=== Section Start ===

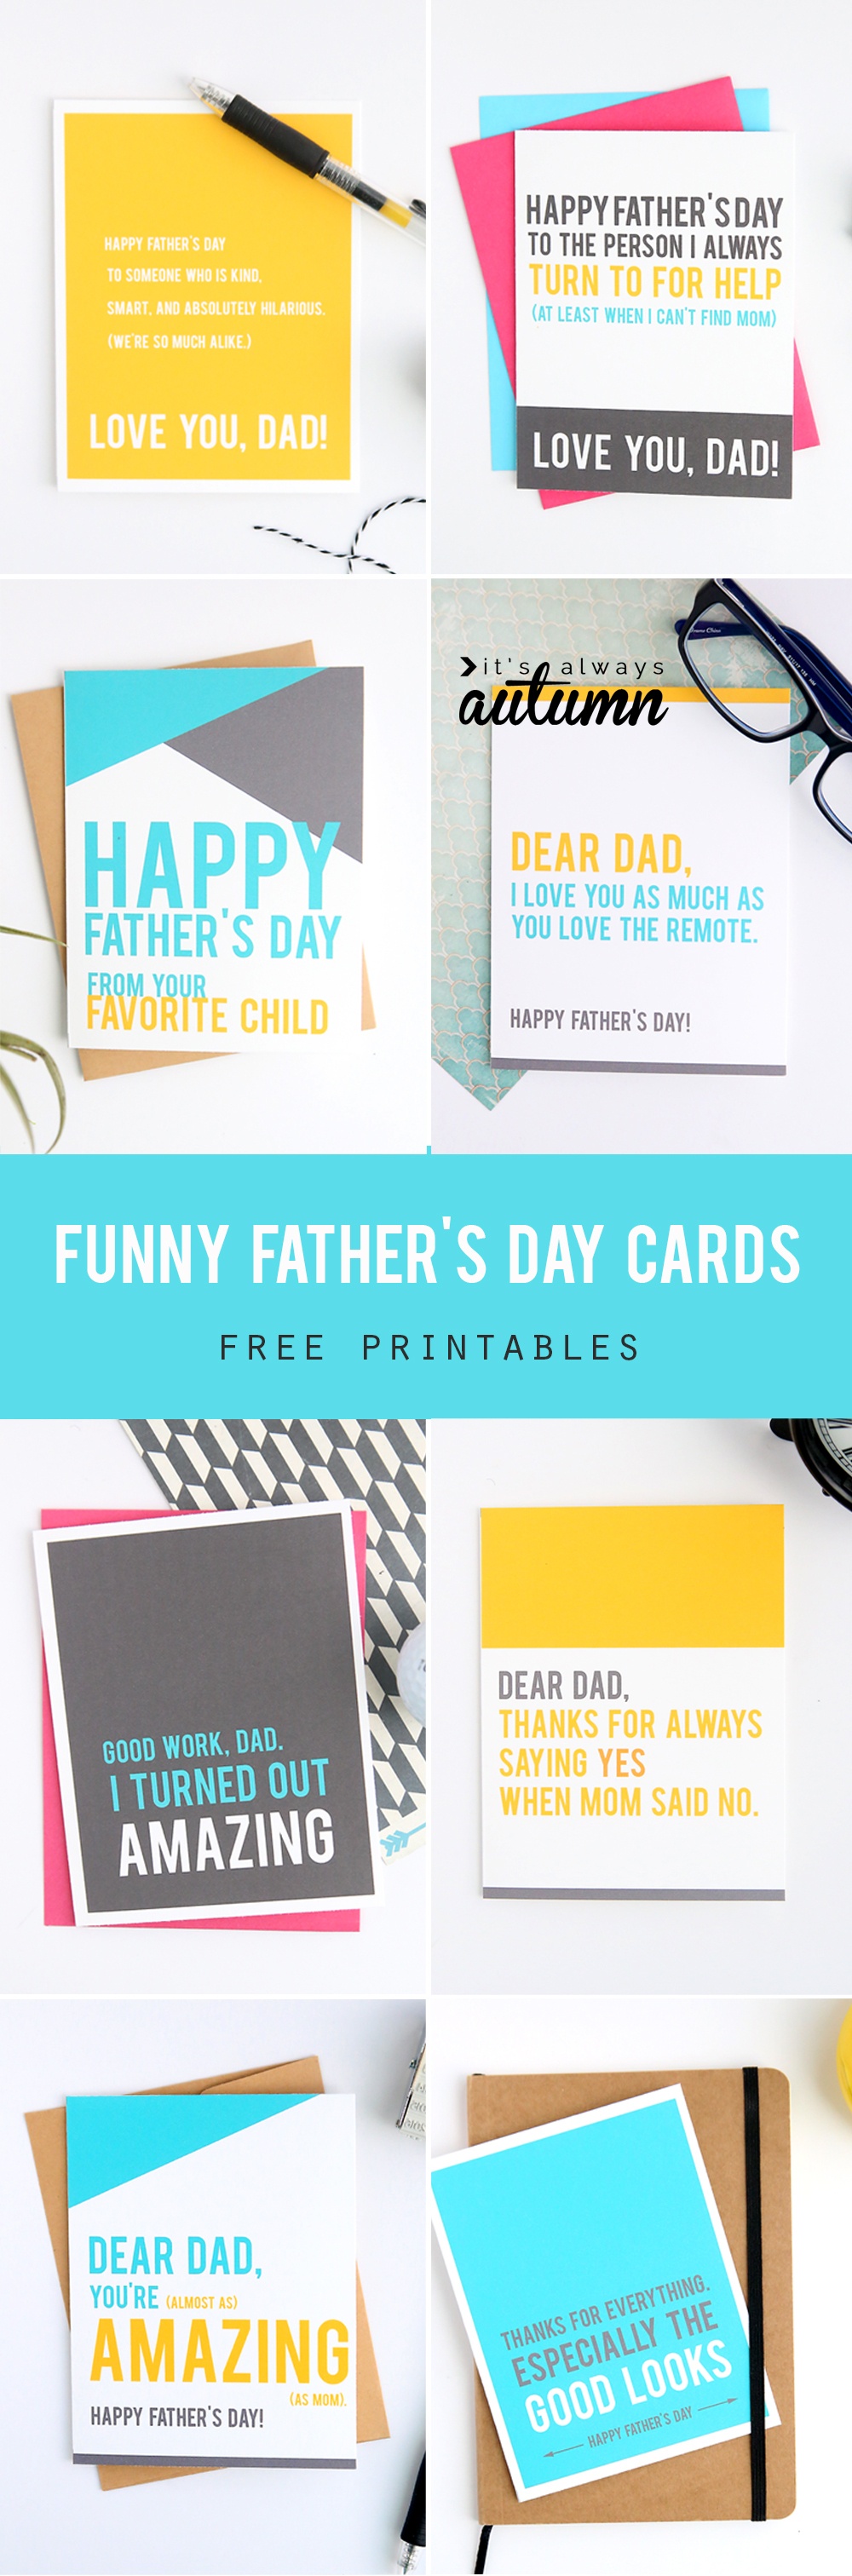 Funny Father&amp;#039;s Day Cards You Can Print At Home - It&amp;#039;s Always Autumn - Free Printable Funny Father&amp;#039;s Day Cards
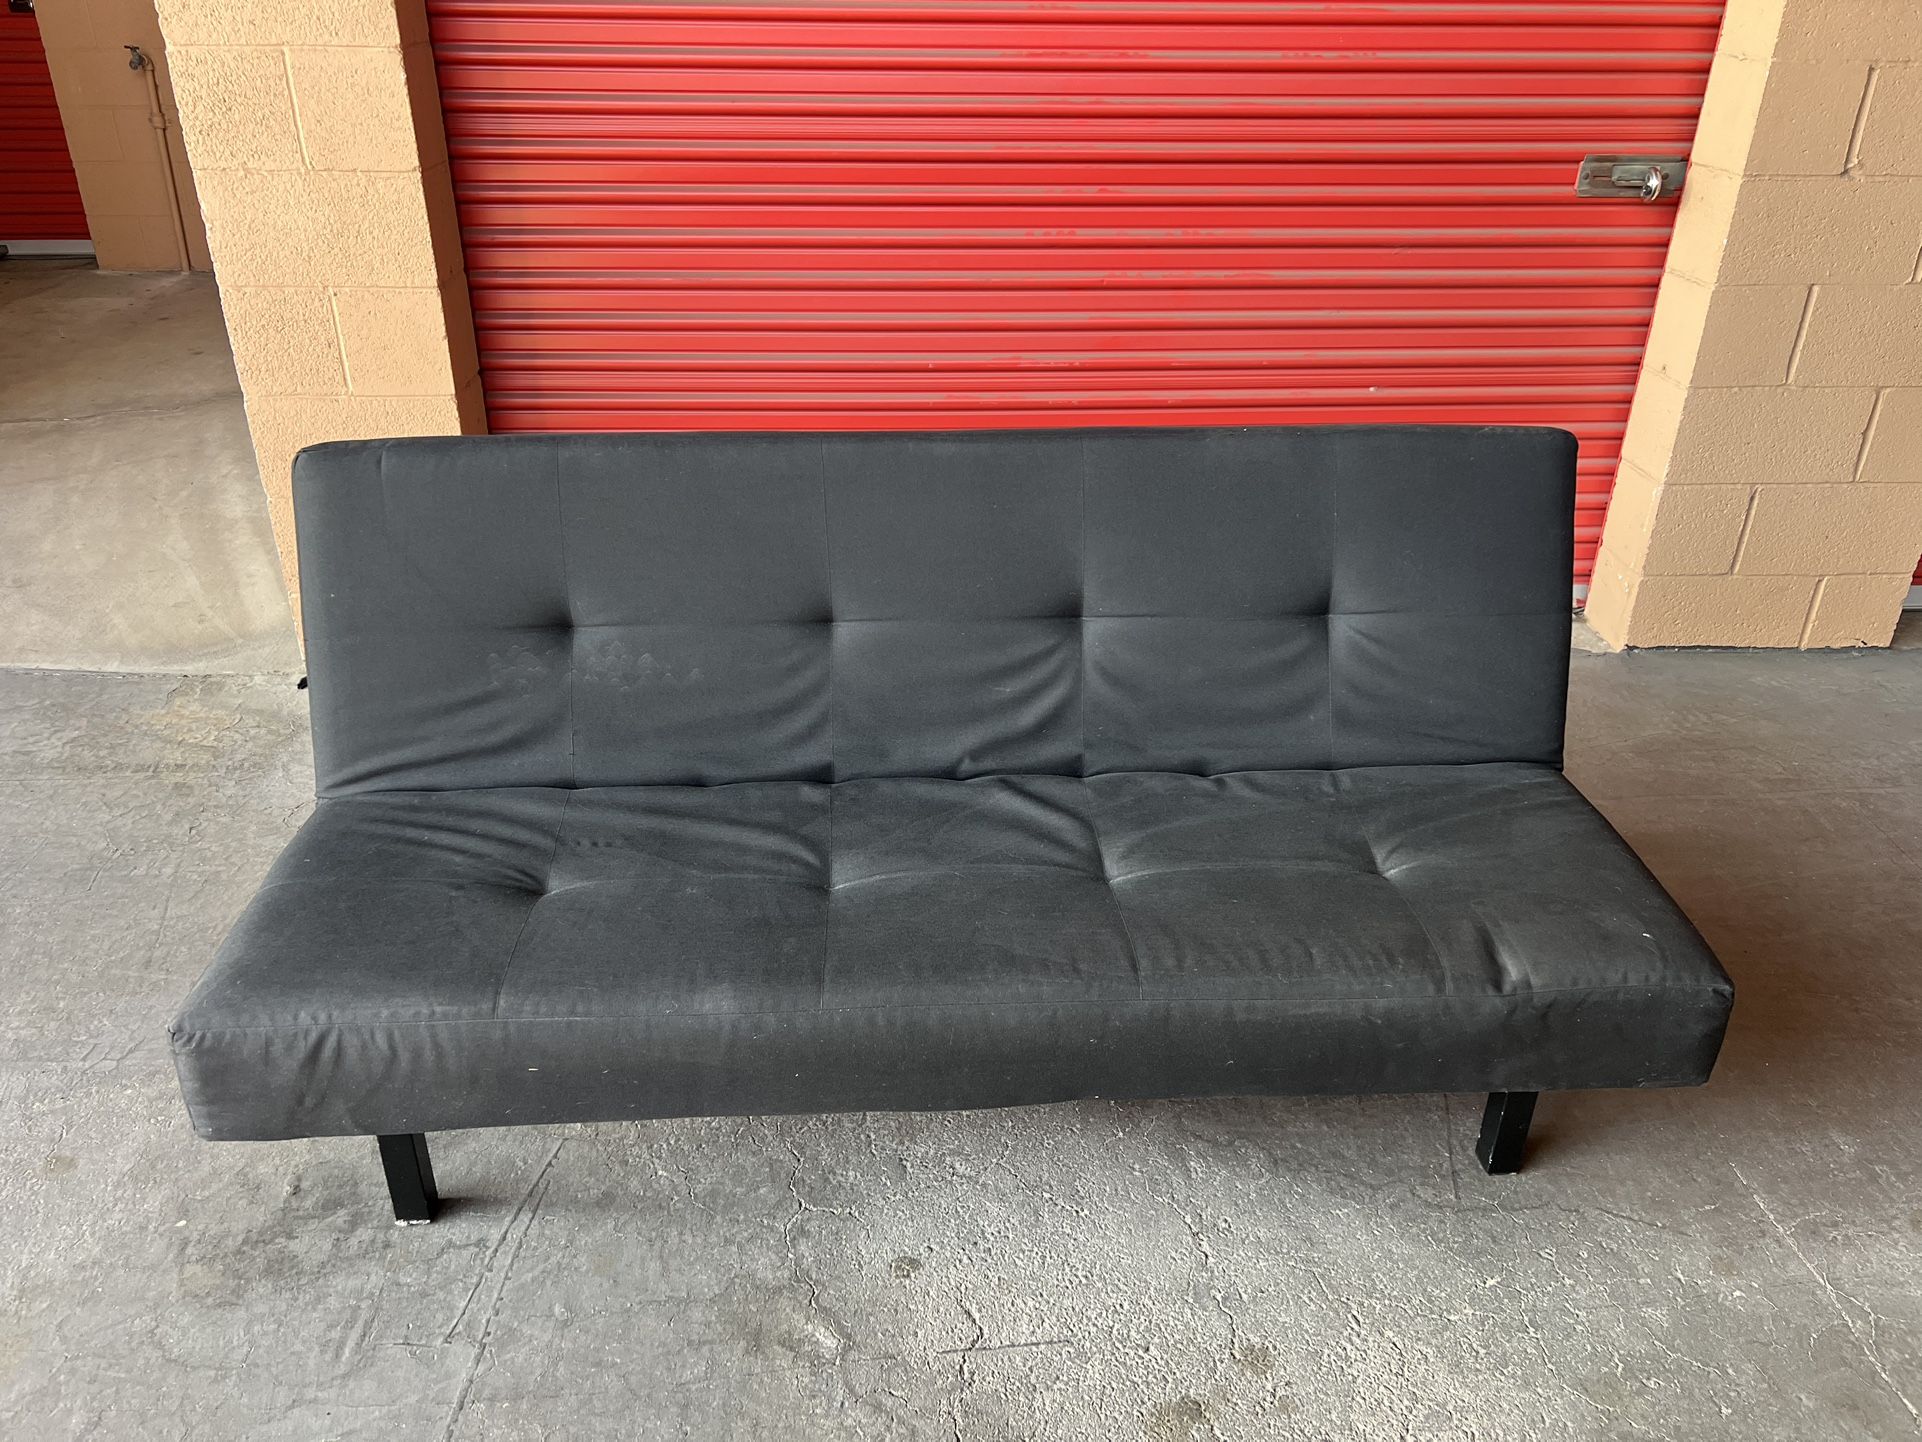 Ikea Balkarp Sleeper Sofa Sofa Bed Couch Black Color (Delivery Available)
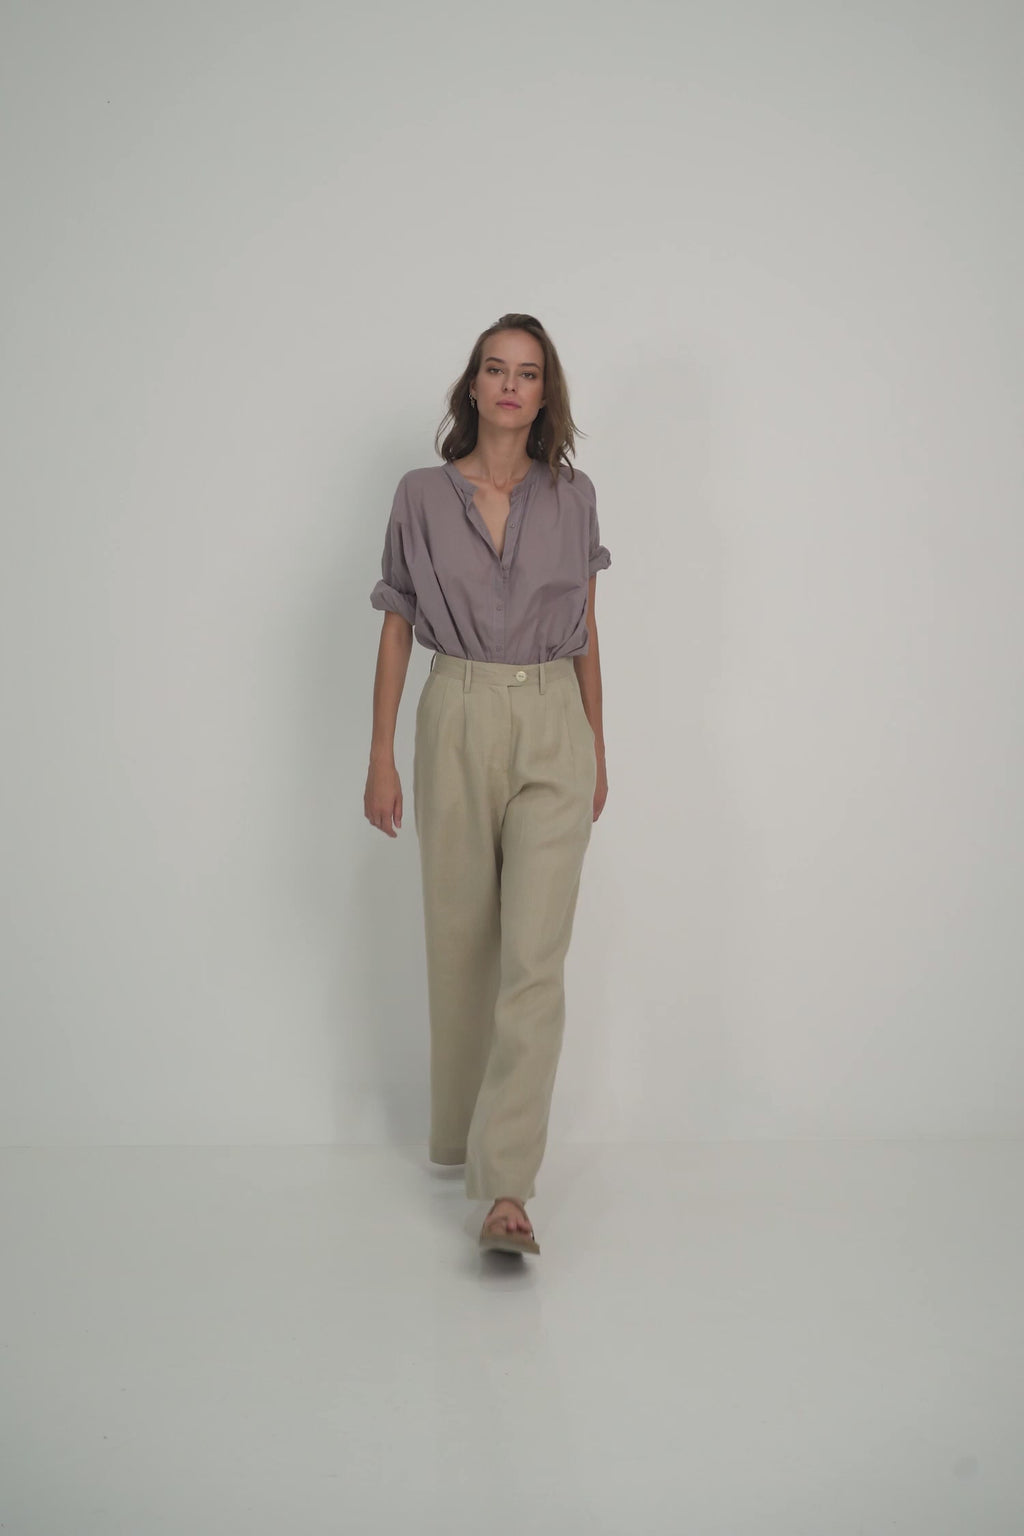 A Woman Wearing Natural Linen Flared Pants in Australia
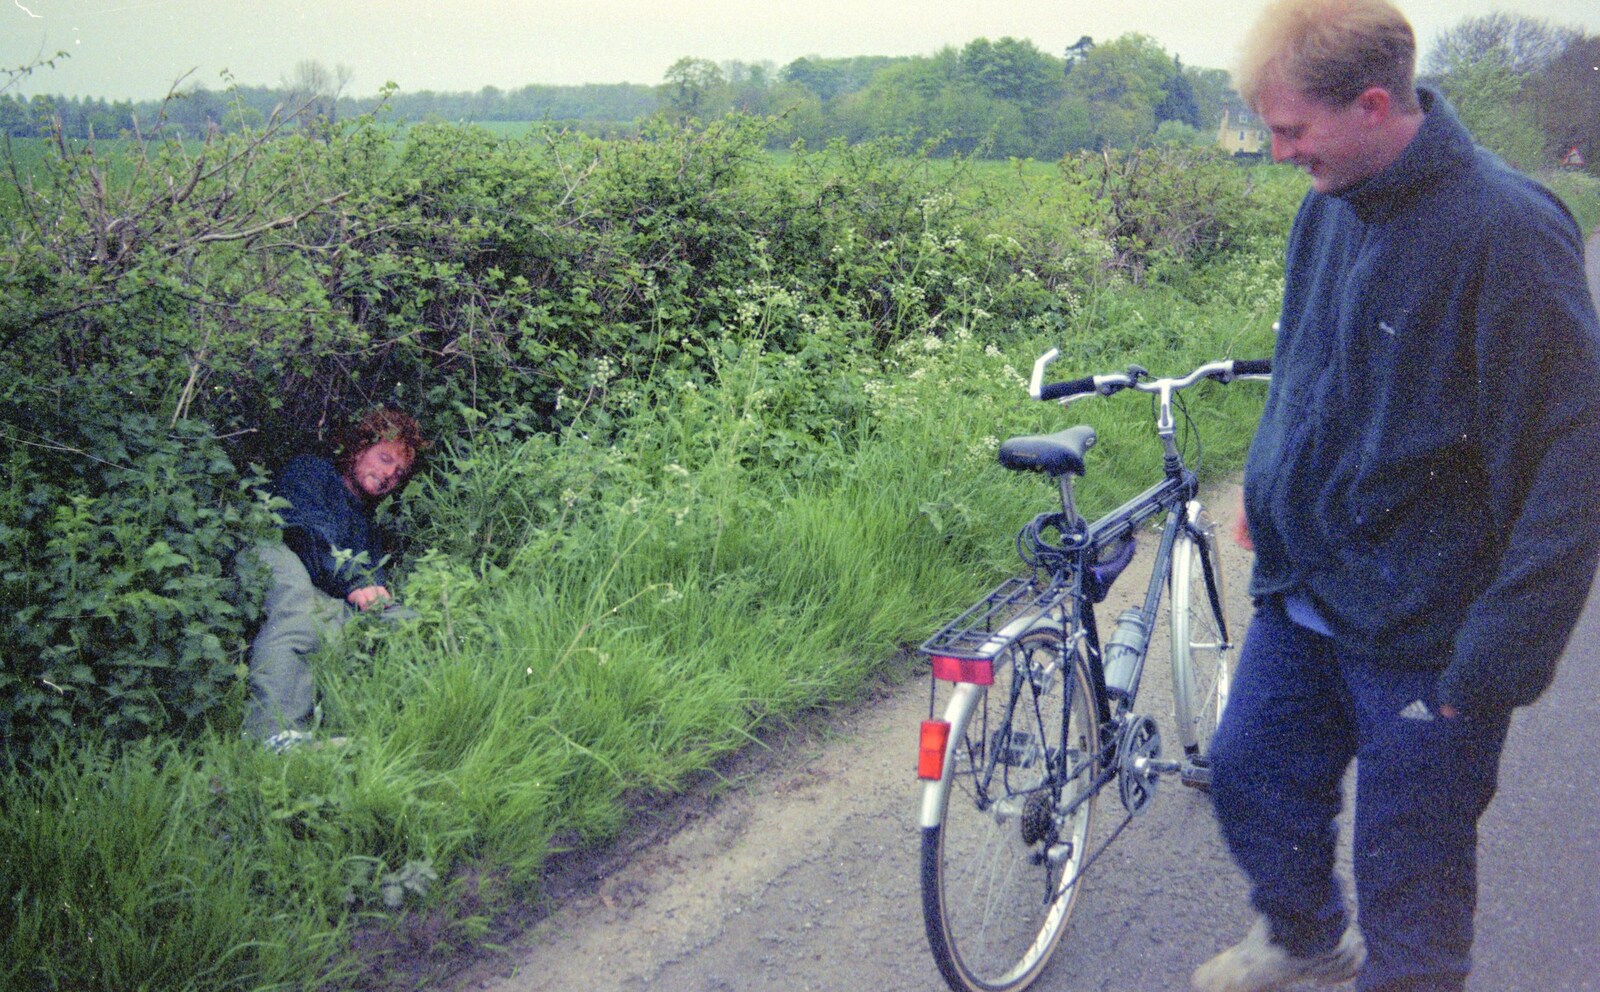 Paul comes along to see what's occuring from A BSCC Bike Ride, Brockdish Greyhound and Hoxne Swan, Suffolk - 4th May 2000

=== Section End ===

_EXERCISE PROMPT_. Your answer should copy the listing word for word, with no pictures in it.

_EXERCISE ANSWER_.
 Funny Father&amp;#039;s Day Cards You Can Print At Home - It&amp;#039;s Always Autumn - Free Printable Funny Father&amp;#039;s Day Cards
 Ikea Balkarp Sleeper Sofa Sofa Bed Couch Black Color (Delivery Available)
 A Woman Wearing Natural Linen Flared Pants in Australia
 Paul comes along to see what's occuring from A BSCC Bike Ride, Brockdish Greyhound and Hoxne Swan, Suffolk - 4th May 2000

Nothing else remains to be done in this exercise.